What the task requires: Restate the listing that follows word for word, without its pictures.

(Given data)

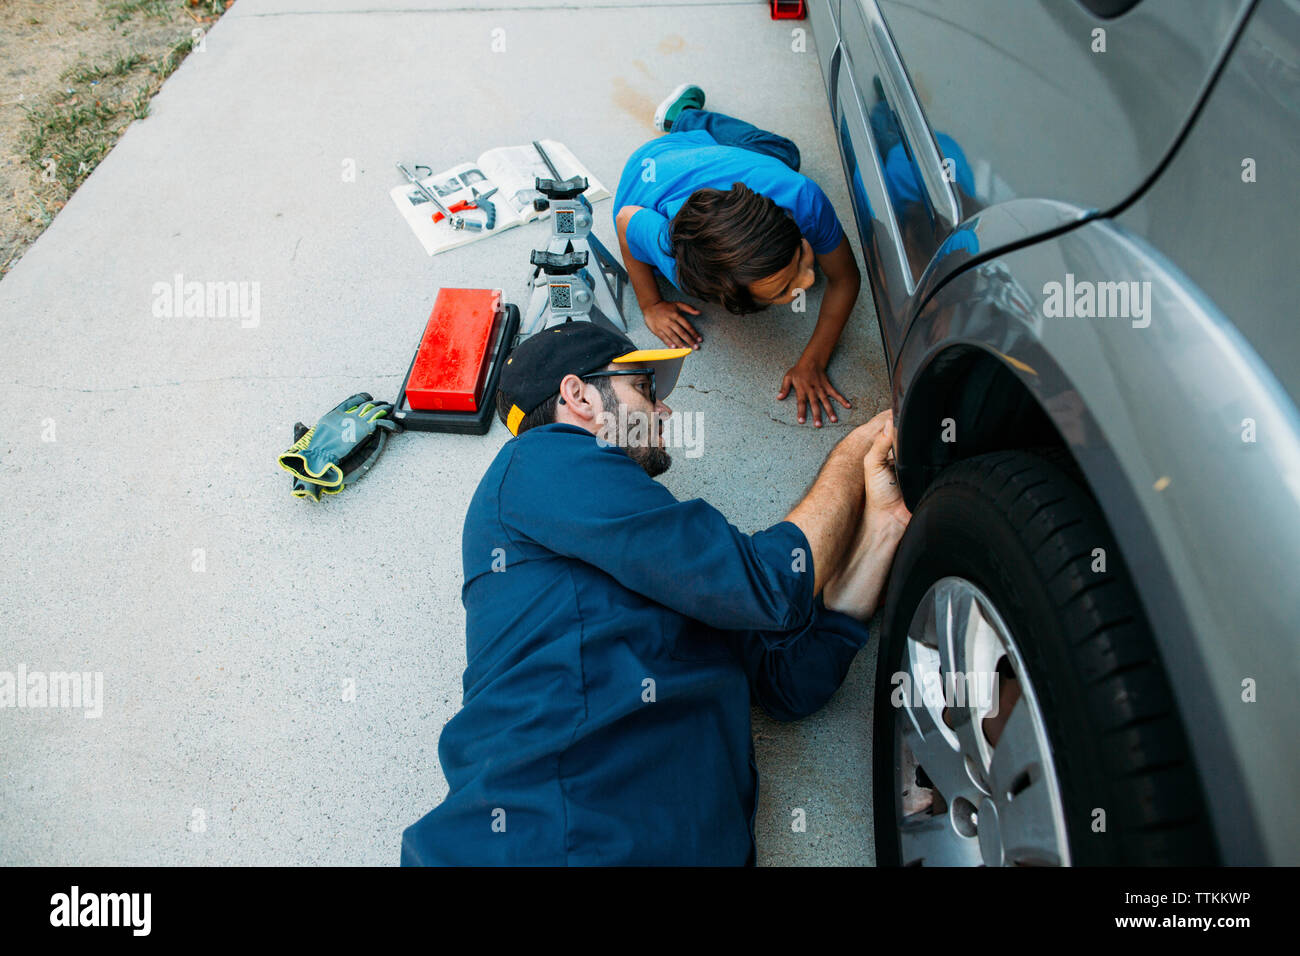 High angle view of father teaching son to repair car at driveway Stock Photo
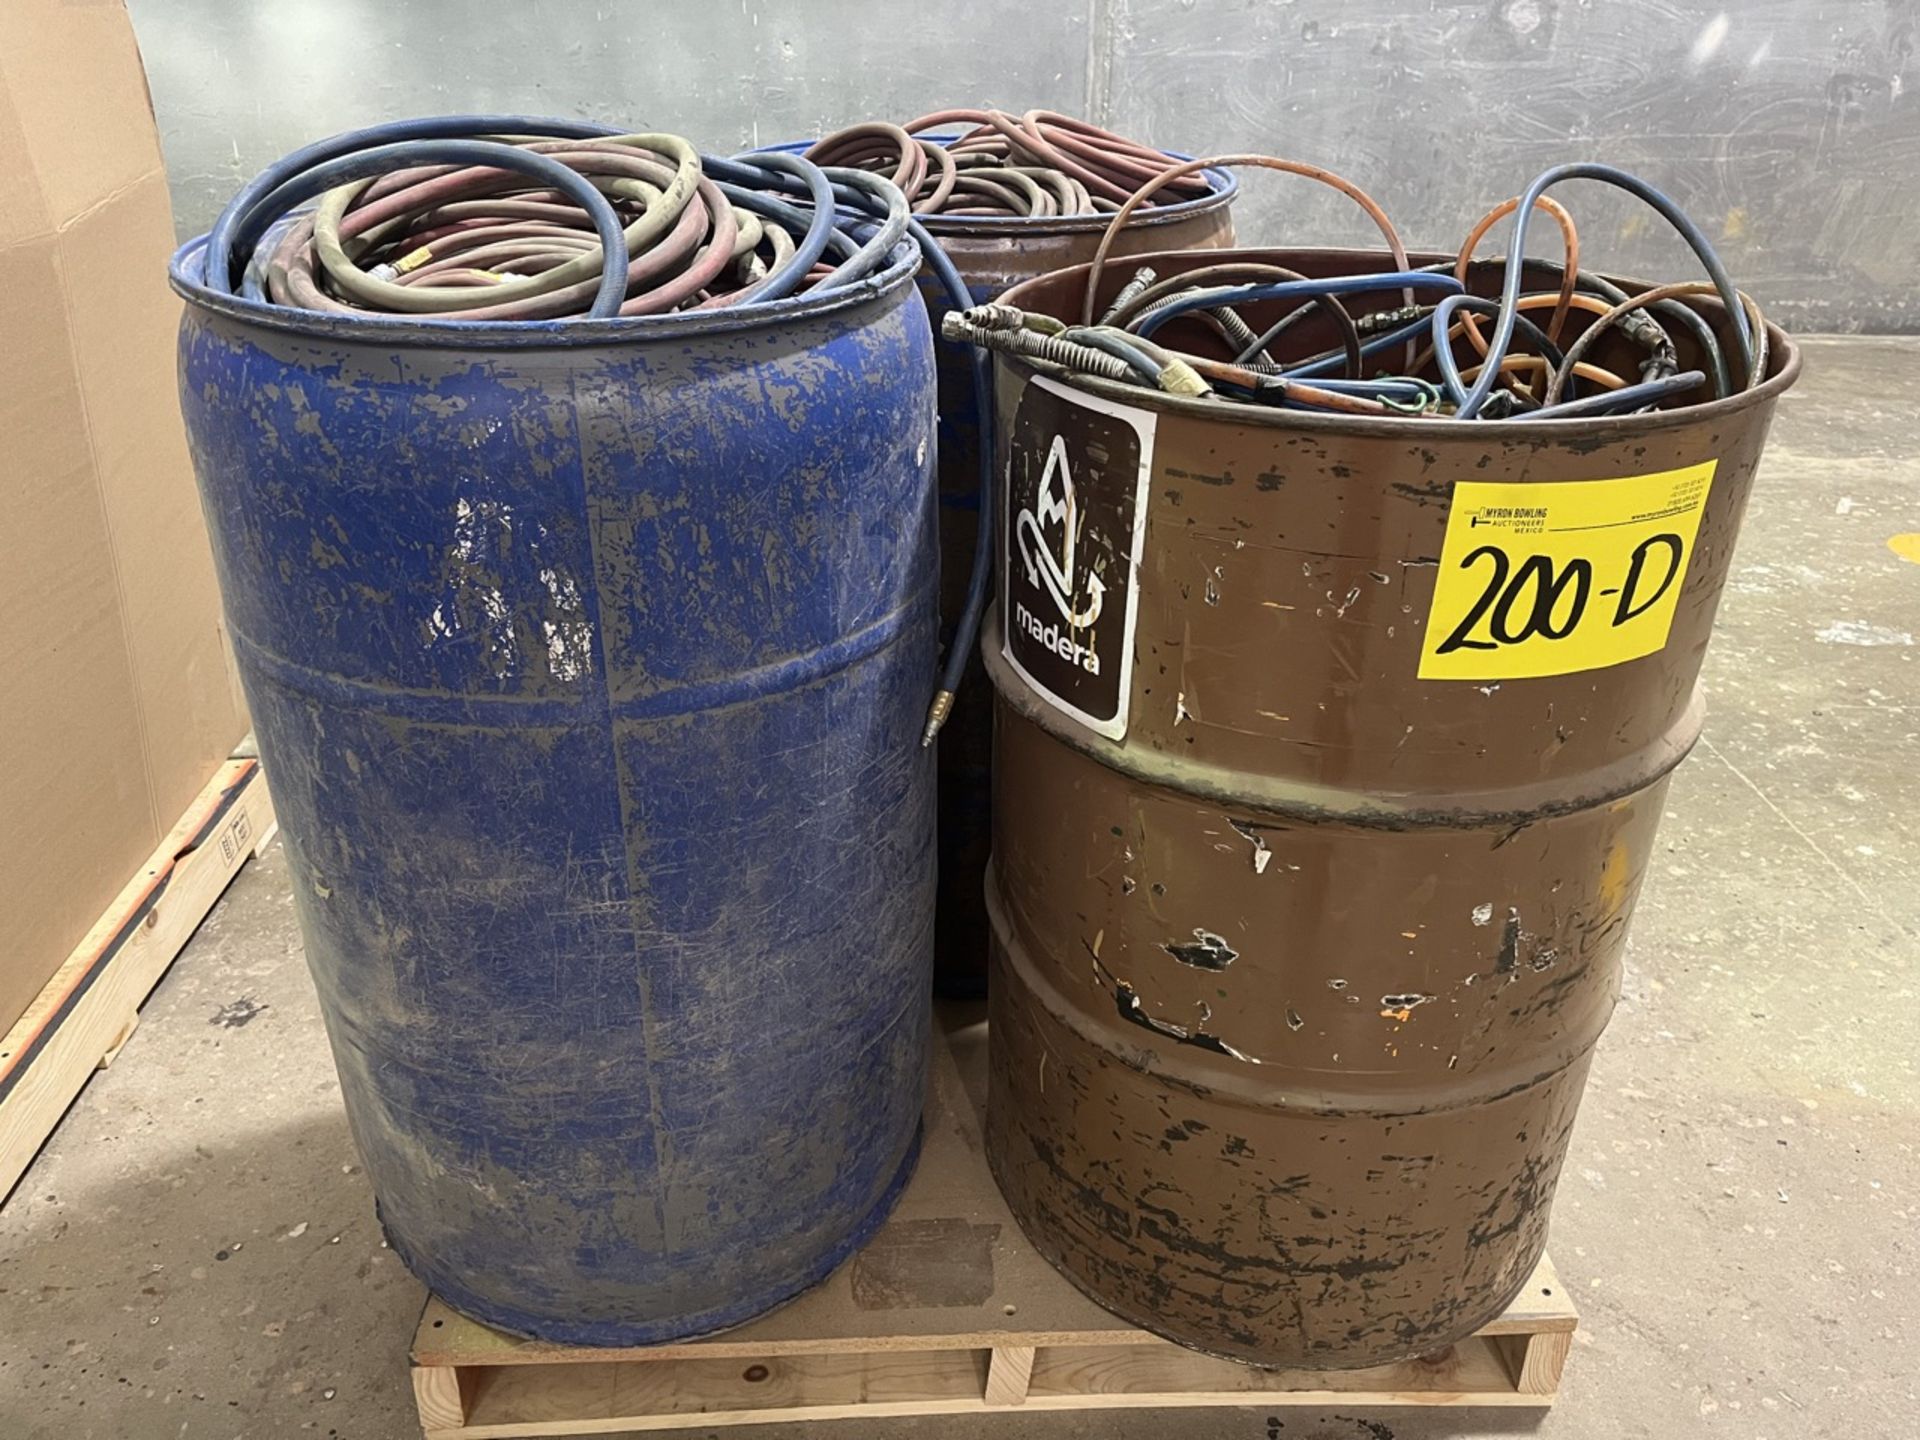 Lot of 3 drums with pneumatic hoses of different gauges and measures, please inspect. / Lote de 3 t
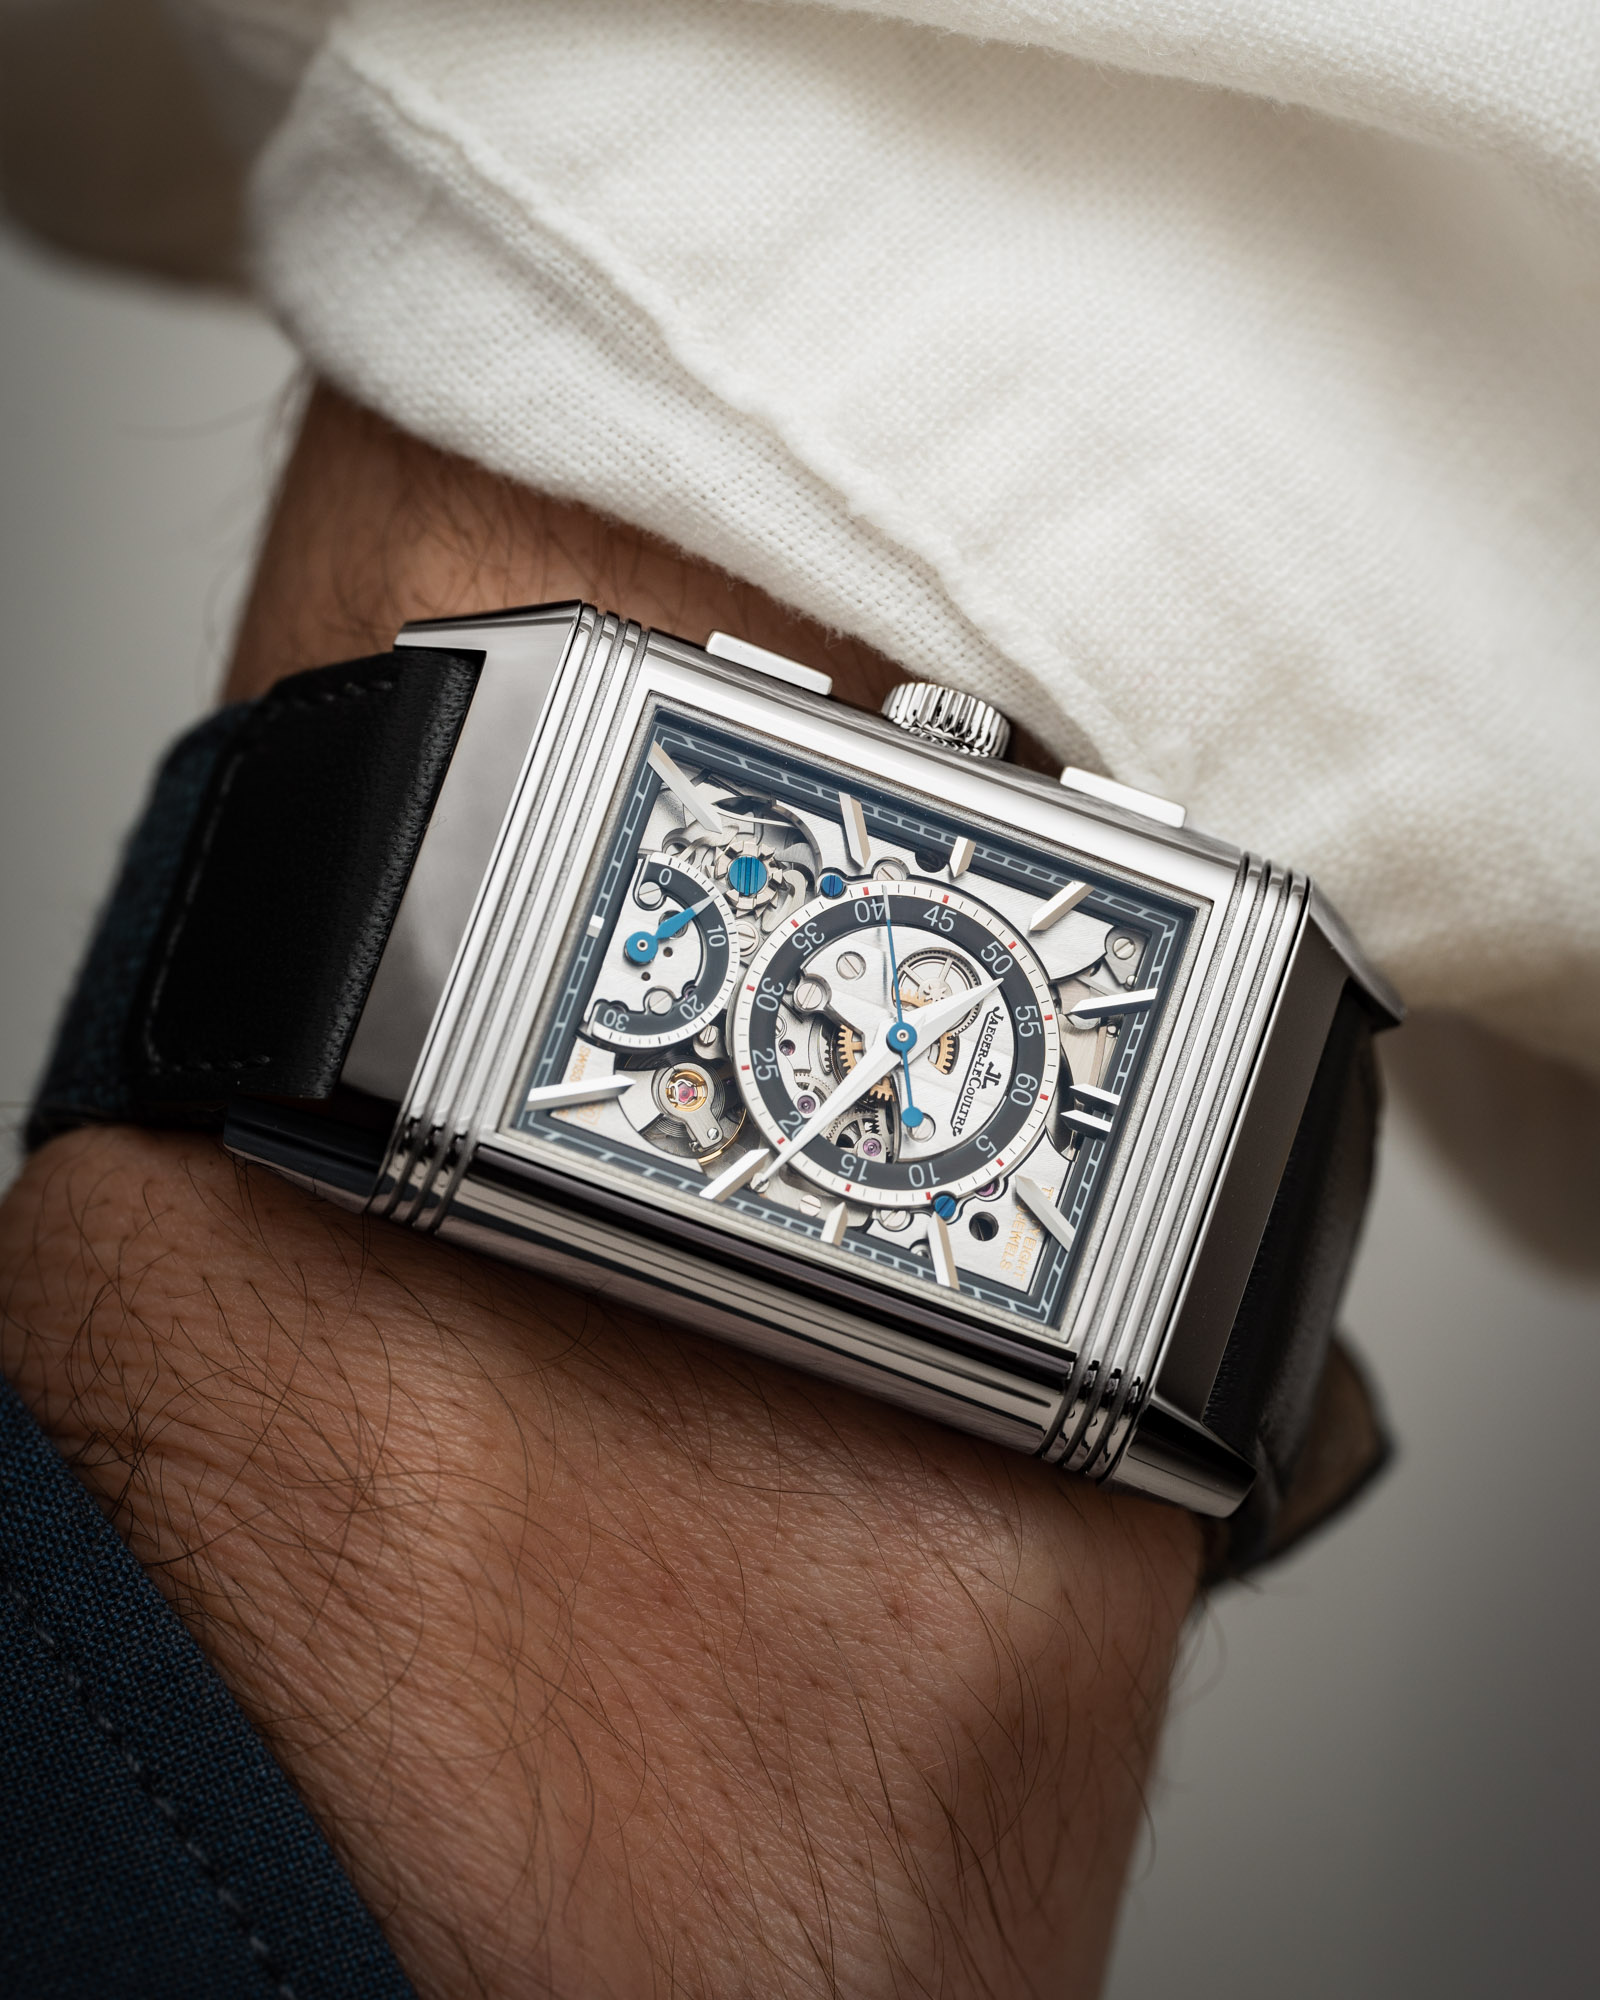 Hands-On: Jaeger-LeCoultre Reverso Tribute Chronograph Watch – Apex Chronos

(End Given data)

Exercise answer:
 High angle view of father teaching son to repair car at driveway Stock Photo
 Lot of 3 drums with pneumatic hoses of different gauges and measures, please inspect. / Lote de 3 t
 Hands-On: Jaeger-LeCoultre Reverso Tribute Chronograph Watch – Apex Chronos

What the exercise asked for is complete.